Iran’s President Masoud Pezeshkian dropped a diplomatic bombshell on Sunday, flatly rejecting direct negotiations with the United States over Tehran’s fast-evolving nuclear program.
The announcement, made during a televised Cabinet meeting, marks Iran’s first official response to a letter from U.S. President Donald Trump to Supreme Leader Ayatollah Ali Khamenei, delivered via Oman on March 12.
While slamming the door on face-to-face talks, Pezeshkian left a crack open for indirect negotiations—a path that’s yielded little since Trump torched the 2018 nuclear deal.
“We don’t dodge talks, but broken promises have burned us before,” Pezeshkian said, jabbing at the U.S. for its 2018 withdrawal from the Joint Comprehensive Plan of Action (JCPOA). “They need to prove they’re worth trusting.” The U.S. State Department fired back, underscoring Trump’s stance: “The United States cannot allow Iran to acquire a nuclear weapon.” It added a carrot and stick: Trump’s open to a deal, but if Iran balks, “he’ll pursue other options, which will be very bad for Iran.”
Those “options” aren’t vague. Trump, in an NBC News clip aired Sunday, warned of unprecedented military action if Iran doesn’t play ball. “If they don’t make a deal, there’ll be bombing the likes of which they’ve never seen,” he said, doubling down on his “maximum pressure” playbook—already hammering Iran’s rial into a freefall.
The rejection reflects a sharp pivot for Pezeshkian, elected six months ago on a pledge to thaw ties with the West. That hope dimmed after Khamenei’s February broadside, calling talks with Trump’s crew “not intelligent, wise, or honorable.”
Iran’s mixed signals add fuel to the fire. Friday’s Quds Day rallies swapped “Death to America” for a narrower “Death to Israel!” chant, while a Revolutionary Guard video skipped the usual Stars-and-Stripes stomping. Yet Press TV dangled a threat, listing U.S. bases—like Diego Garcia’s stealth bomber hub—as potential targets.
Parliamentary speaker Mohammad Bagher Qalibaf upped the ante: “If they touch our sovereignty, it’ll spark a regional inferno. Their bases and allies won’t be safe.”

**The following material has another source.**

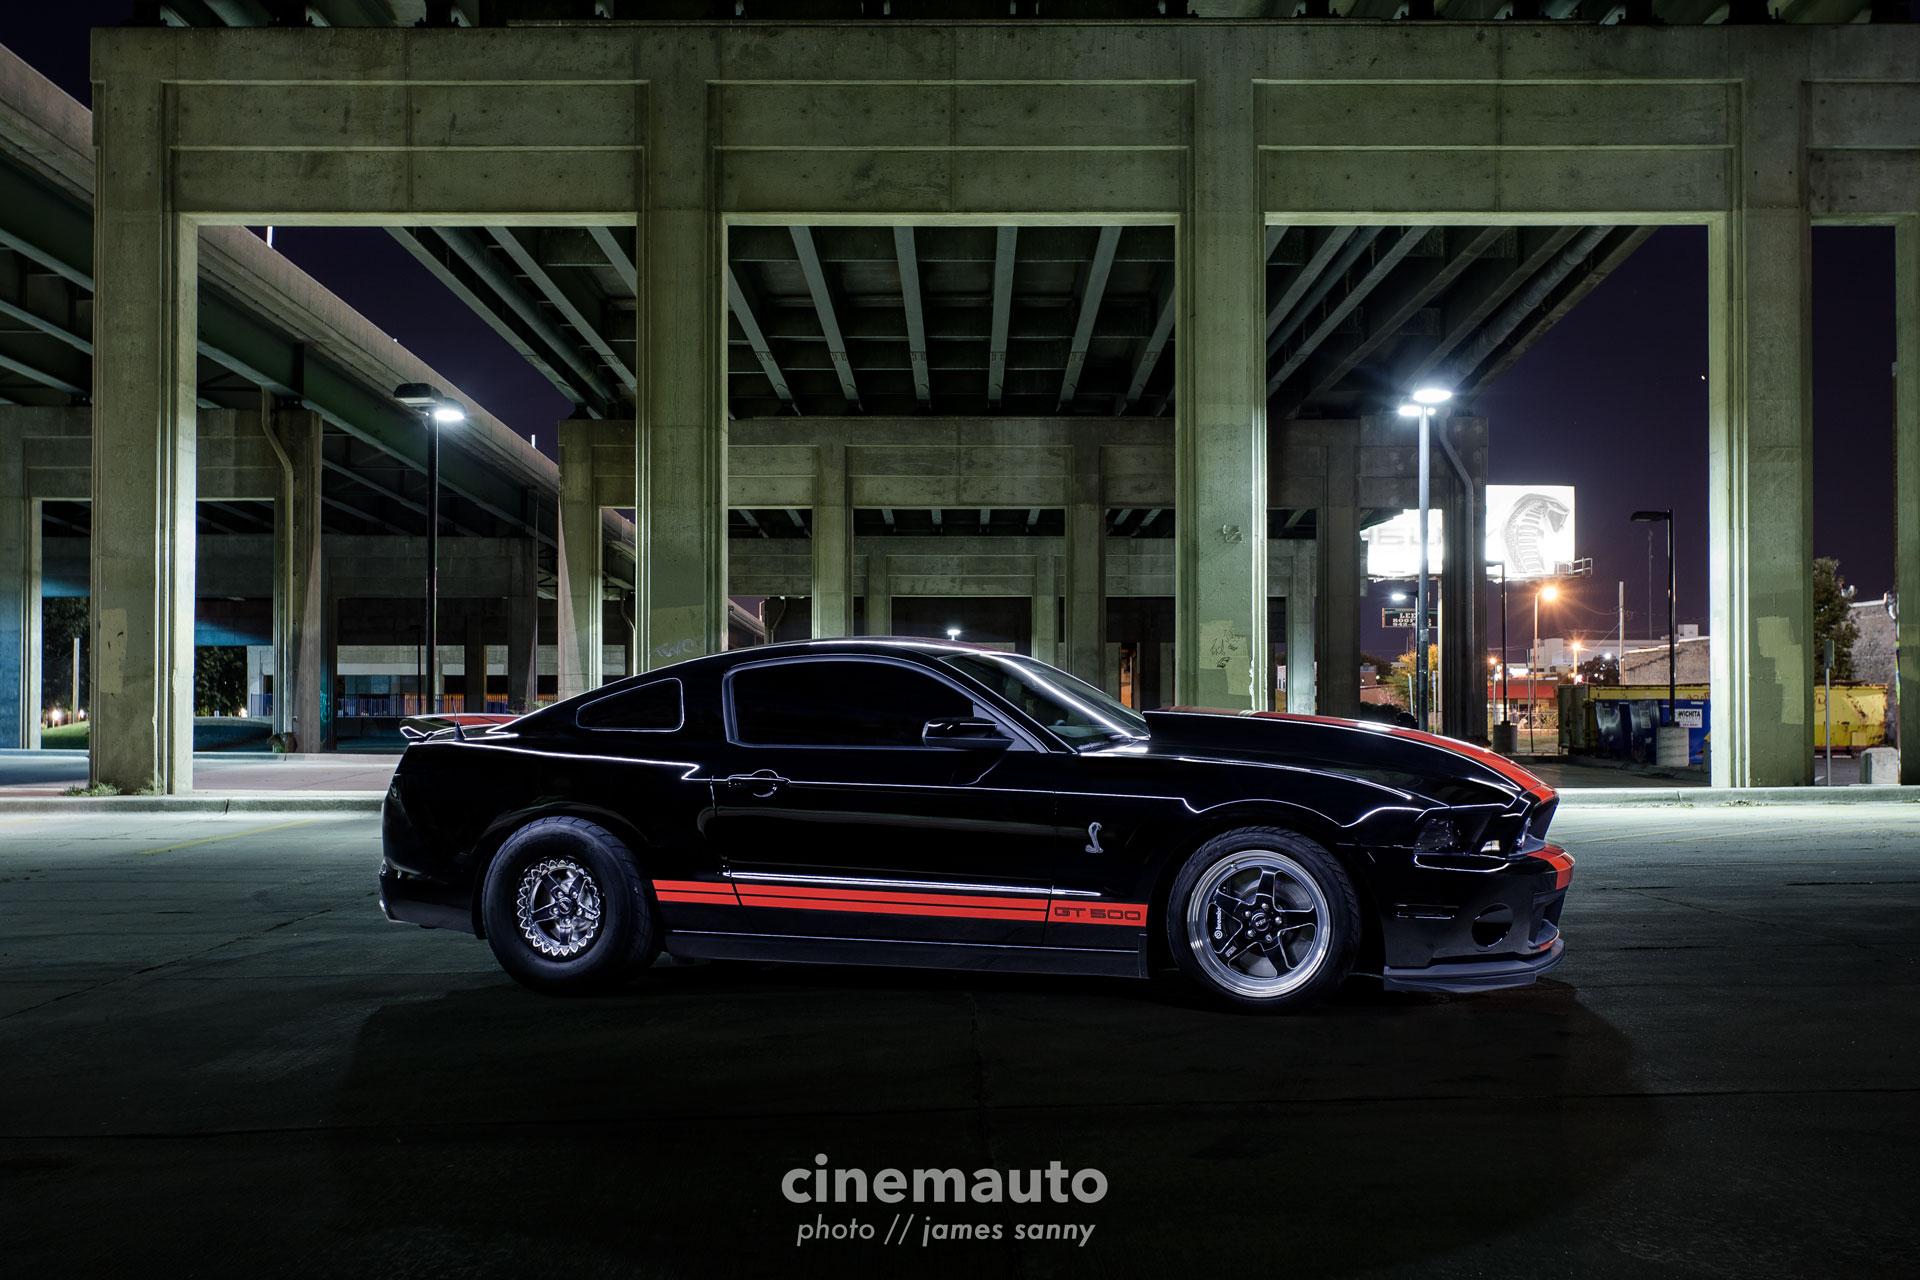 cinemauto-wichita-automotive-photography-cj1a.jpg

Trump’s letter, light on specifics, echoed his Kim Jong Un pen-pal days—talks ensued, but no nuclear curbs stuck. “I wrote, ‘I hope you negotiate, because military action would be terrible,’” he said. The gambit flopped in 2019 when Khamenei mocked a similar note via Japan’s Shinzo Abe. N
ow, with Iran enriching uranium to 60% purity—near weapons-grade—both the U.S. and Israel vow to stop a nuclear-armed Tehran, stoking fears of airstrikes. A February UN watchdog report flagged Iran’s uranium production surge, despite Tehran’s “peaceful purposes” line.
Tensions trace back to Trump’s 2020 drone strike on Gen. Qassem Soleimani, a wound still raw in Tehran. The U.S. claims Iran plotted to avenge it with a Trump hit—denied, but not without threats.
As Yemen’s Houthi rebels eat U.S. bombs and Israel guts Iran’s air defenses, the nuclear standoff teeters on a razor’s edge—diplomacy stalled, and the drums of war beating louder.